Before any Catholic educators or ethicists decide to make a stand against football, they’d better think of something more exciting to offer in its place than tag team Taize prayer. The career of mixed martial-arts might be instructive. With the combatants wearing thin gloves and encouraged to grapple, maxillofacial and cranial pummeling lose the importance they have in boxing. At least to this casual fan, battles in the octagon make better watching than those in the ring. (There’s also the impression that MMA attracts a better class of people. A vulgarian Tank Abbot might have been; unlike Liston, Lyle and LaMotta, a felon he was not.)

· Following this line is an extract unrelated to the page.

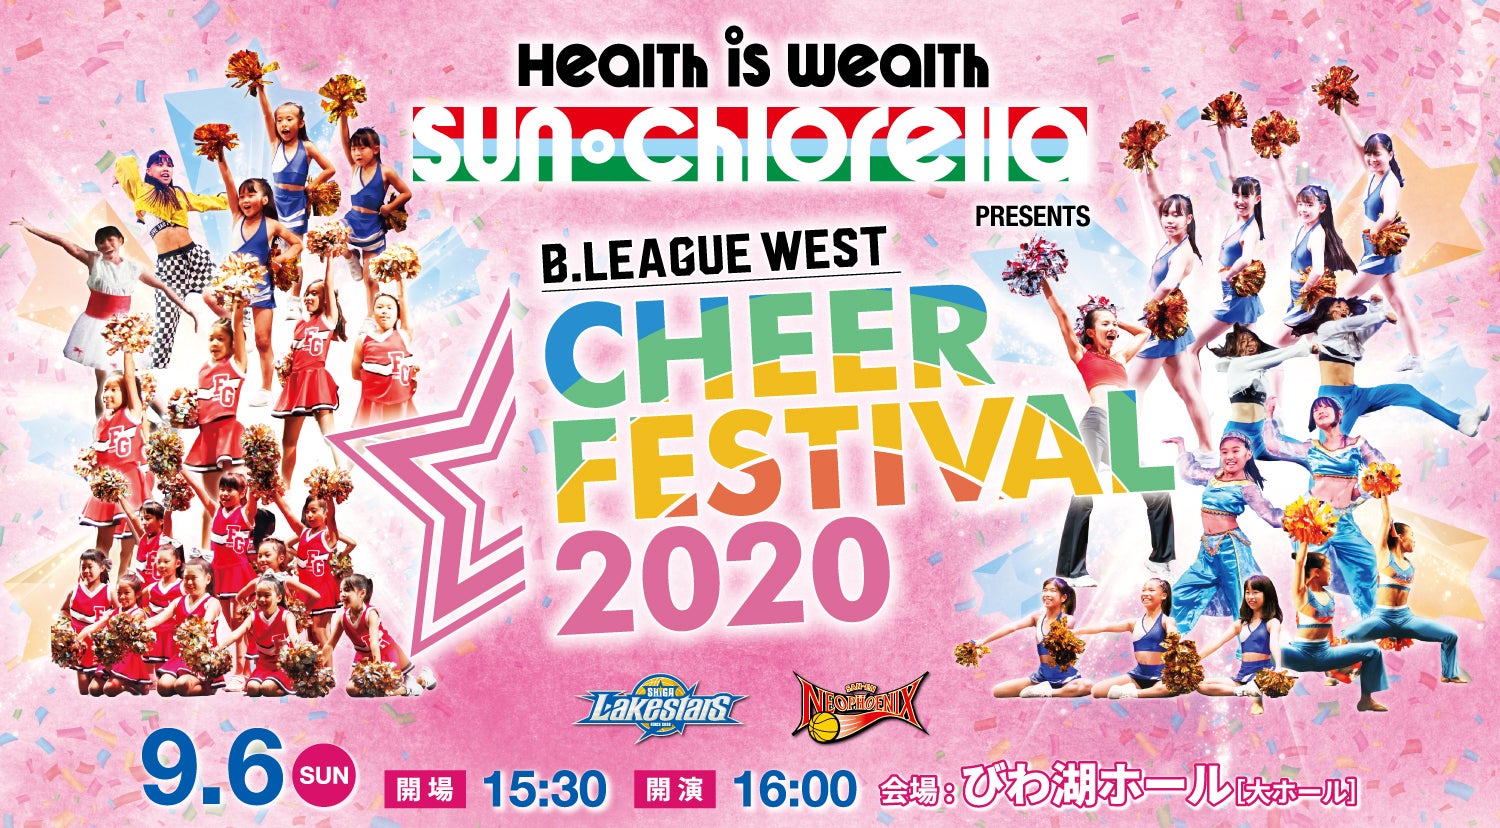 9 6 日 開催 サン クロレラ Presents B League West チアフェスティバル 滋賀レイクスターズ

Personally, I’d like to see lacrosse become the new football. Fast-paced and often high-scoring, it’s the only sport to have been named by a saint and martyr. With constant checking, it should satisfy anyone’s lust for violence, but leaves room on the field for fairly normal-sized players, who are likelier to blow out their shoulders and knees than their brains. I wonder what it would take to talk Tim Tebow into a little occupational re-orienting.